An exact copy of all the lines below is required, with every image left out.

*** Opening of INPUT DATA ***

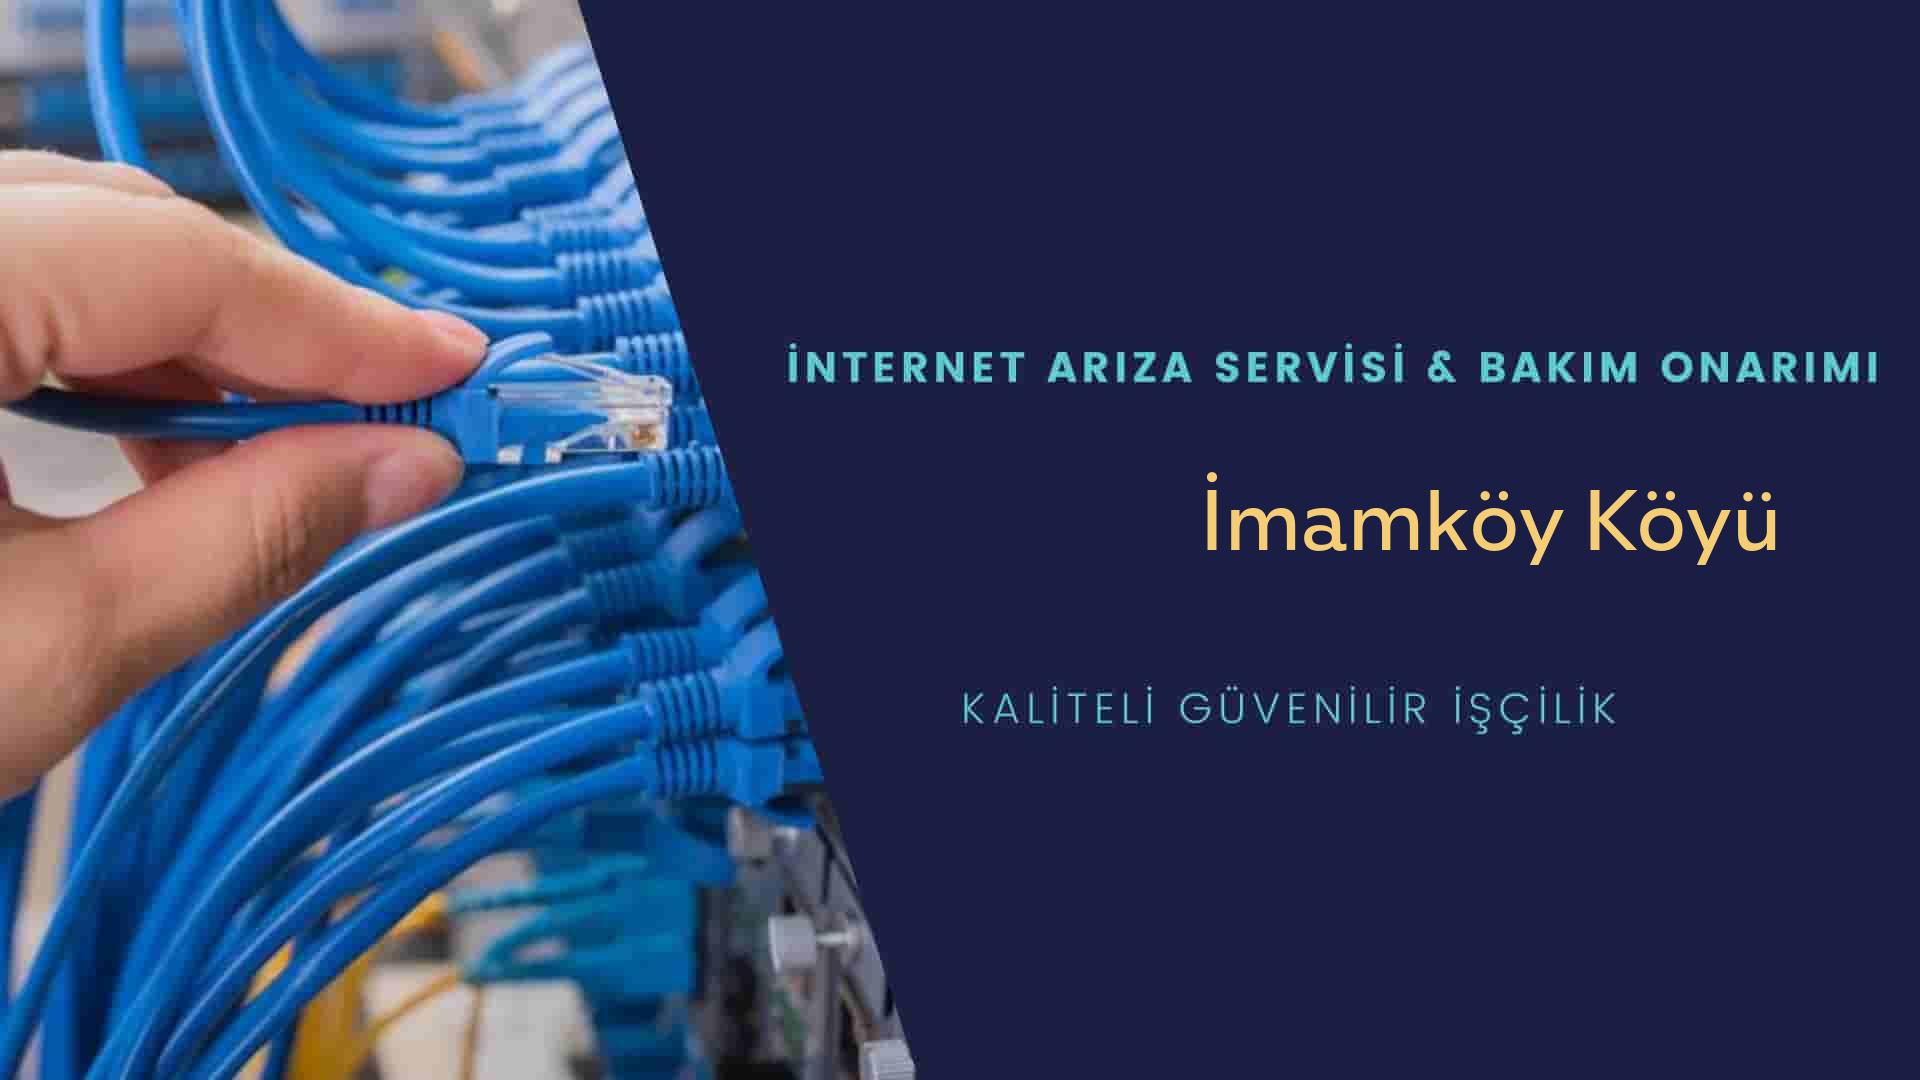 İmamköy Köyü internet kablosu çekimi yapan yerler veya elektrikçiler mi? arıyorsunuz doğru yerdesiniz o zaman sizlere 7/24 yardımcı olacak profesyonel ustalarımız bir telefon kadar yakındır size.
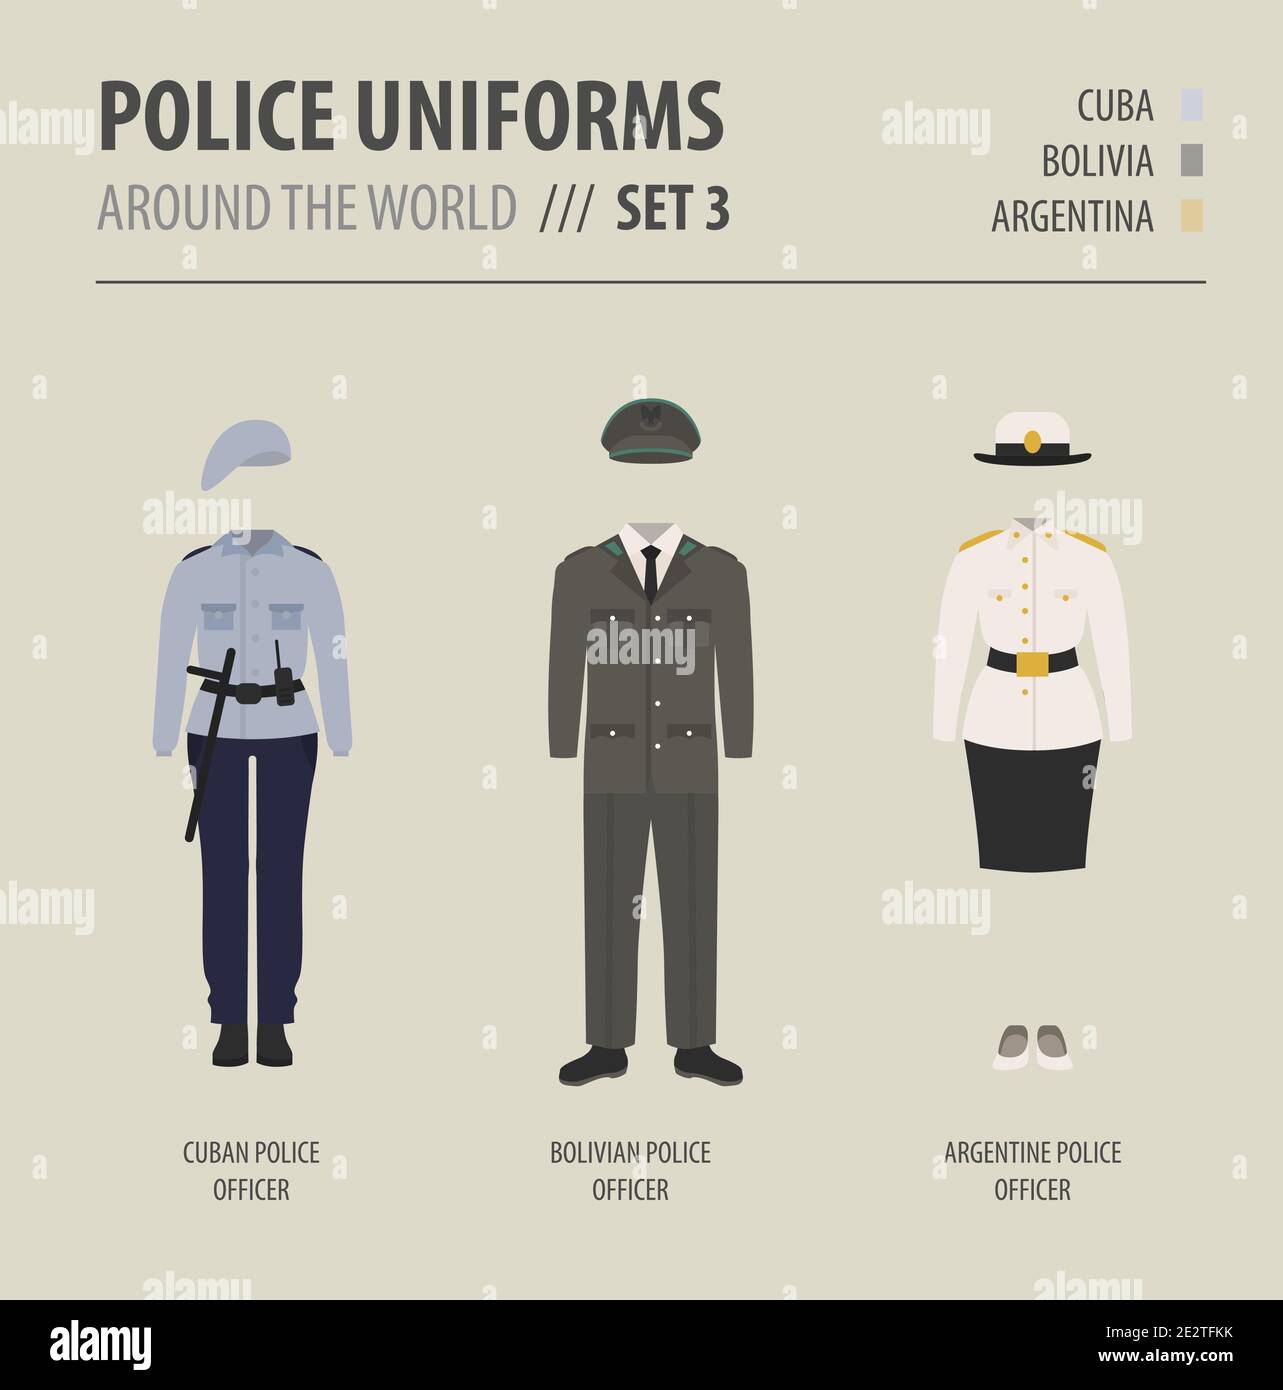 Polizei Uniformen auf der ganzen Welt. Anzug, Kleidung der amerikanischen Polizeibeamten Vektor-Illustrationen-Set Stock Vektor
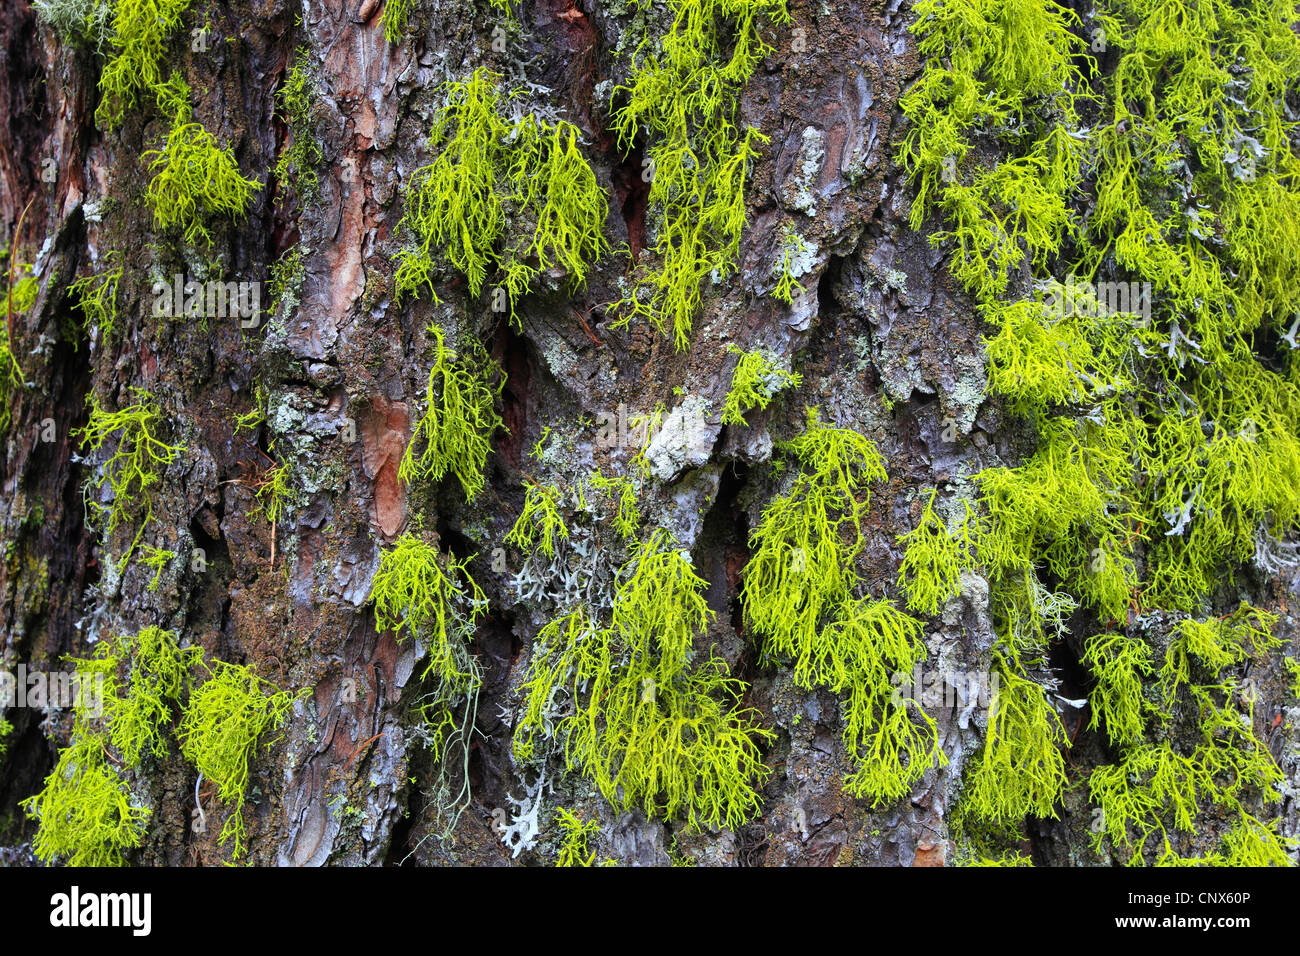 Swiss stone pine, arolla pine (Pinus cembra), bark with lichens, Switzerland, Valais Stock Photo
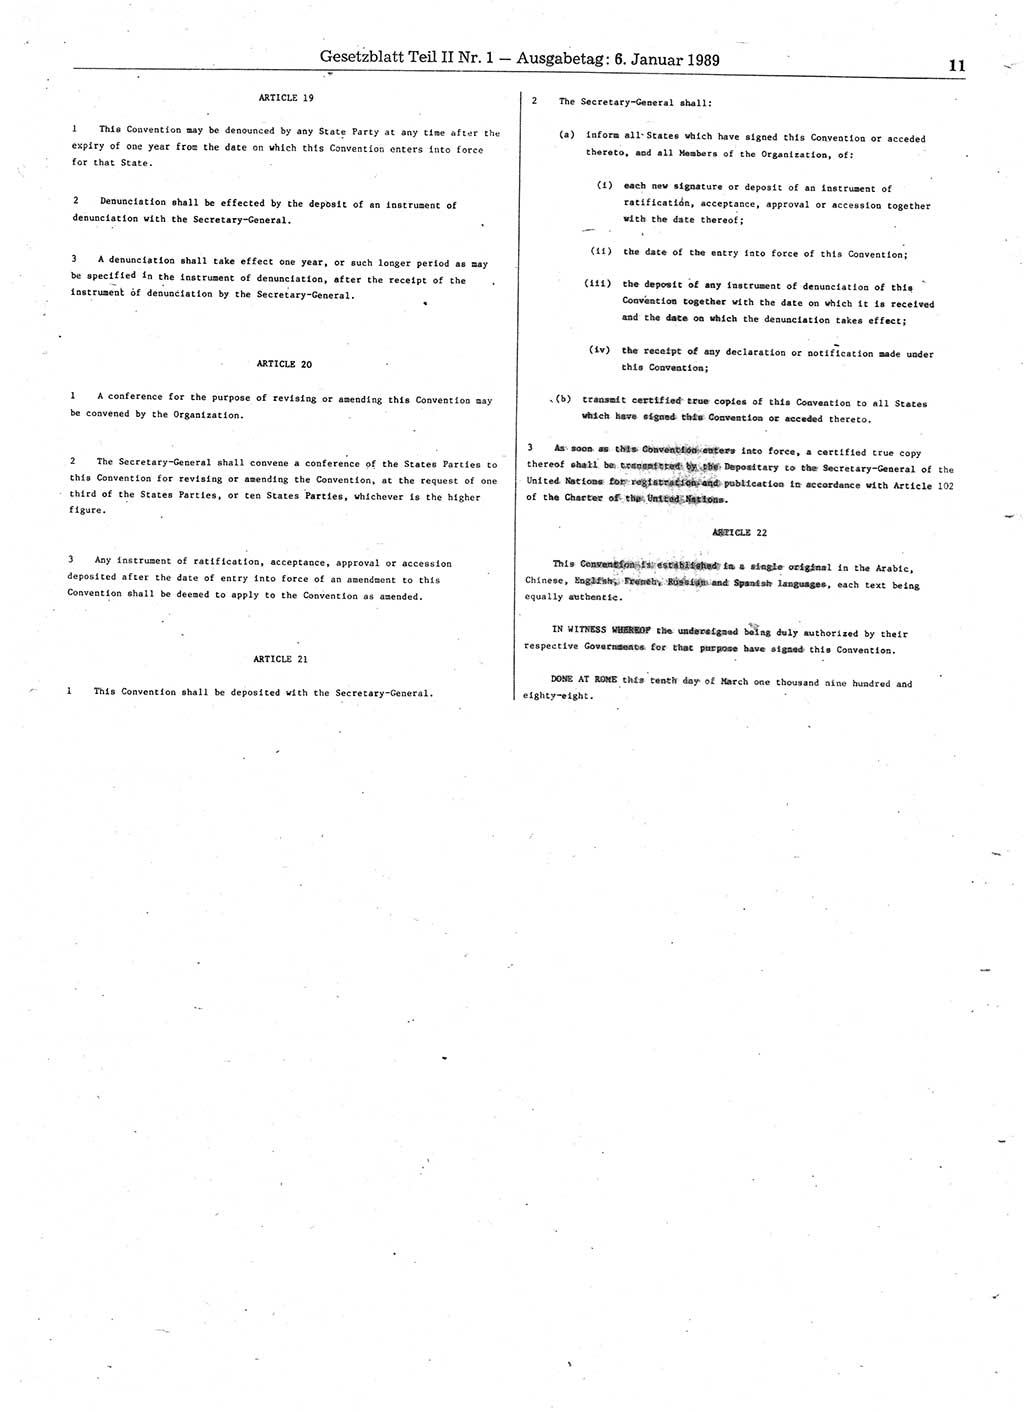 Gesetzblatt (GBl.) der Deutschen Demokratischen Republik (DDR) Teil ⅠⅠ 1989, Seite 11 (GBl. DDR ⅠⅠ 1989, S. 11)
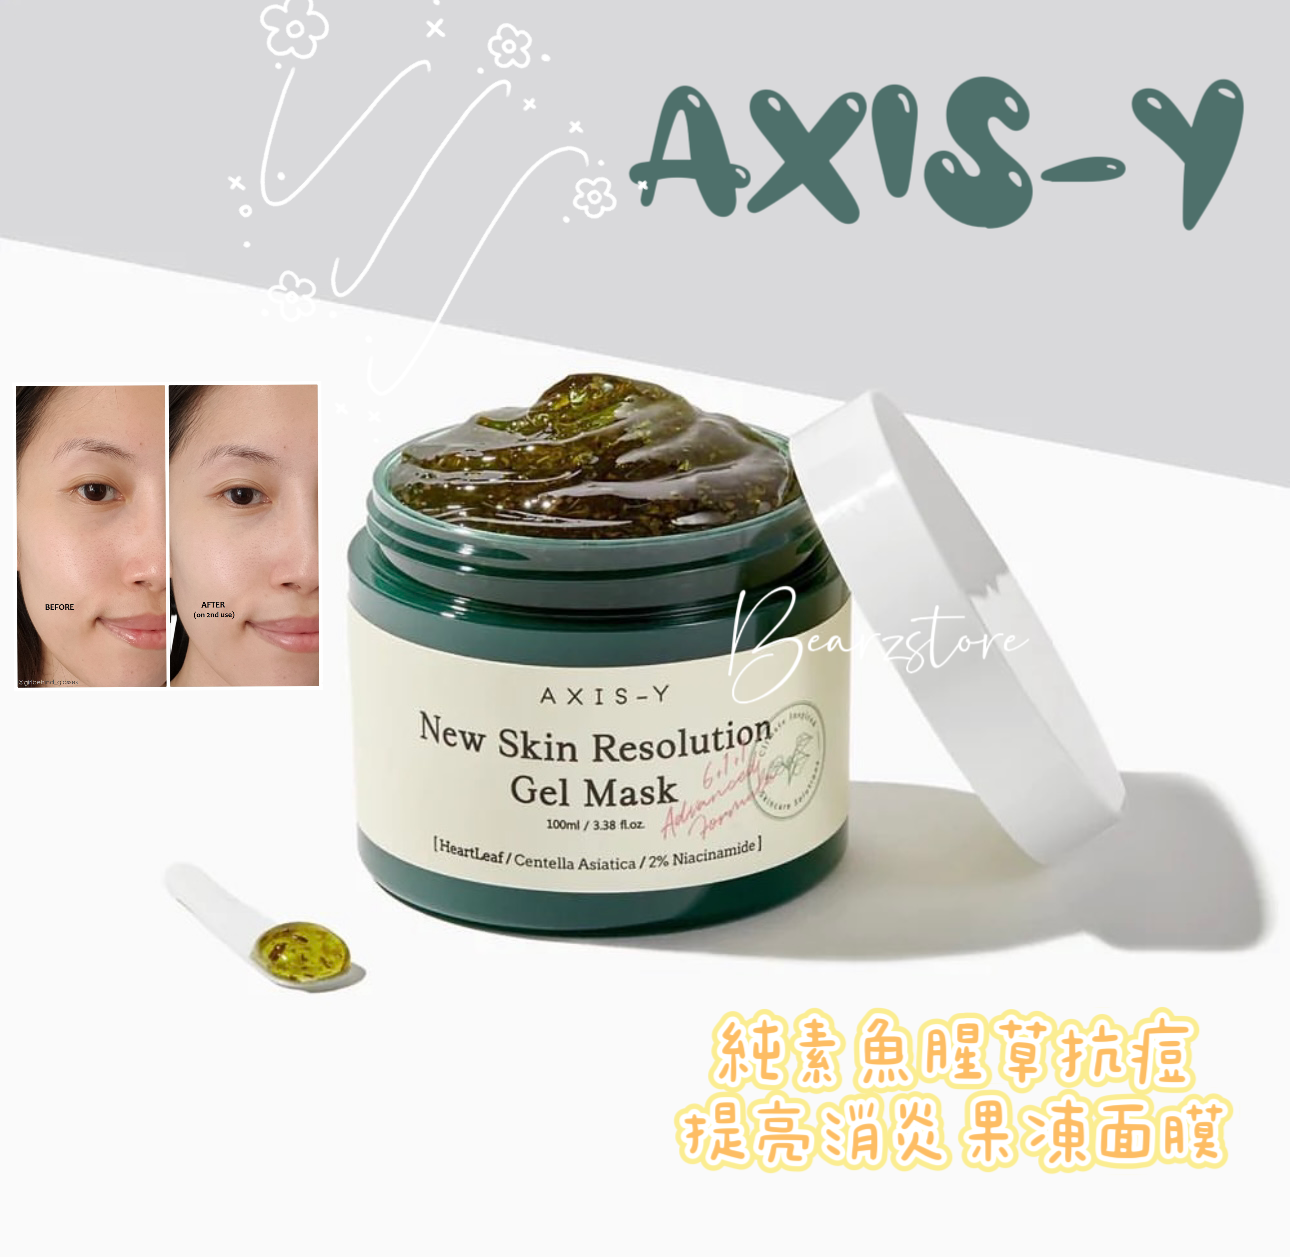 純素護膚品牌🌱 | AXIS-Y 純素魚腥草抗痘提亮消炎果凍面膜💚 為暗瘡肌急救 舒緩鎮靜🧊

*** Close of INPUT DATA ***

ANSWER TO THIS EXERCISE —
 İmamköy Köyü internet kablosu çekimi yapan yerler veya elektrikçiler mi? arıyorsunuz doğru yerdesiniz o zaman sizlere 7/24 yardımcı olacak profesyonel ustalarımız bir telefon kadar yakındır size.
 Polizei Uniformen auf der ganzen Welt. Anzug, Kleidung der amerikanischen Polizeibeamten Vektor-Illustrationen-Set Stock Vektor
 Swiss stone pine, arolla pine (Pinus cembra), bark with lichens, Switzerland, Valais Stock Photo
 Gesetzblatt (GBl.) der Deutschen Demokratischen Republik (DDR) Teil ⅠⅠ 1989, Seite 11 (GBl. DDR ⅠⅠ 1989, S. 11)
 純素護膚品牌🌱 | AXIS-Y 純素魚腥草抗痘提亮消炎果凍面膜💚 為暗瘡肌急救 舒緩鎮靜🧊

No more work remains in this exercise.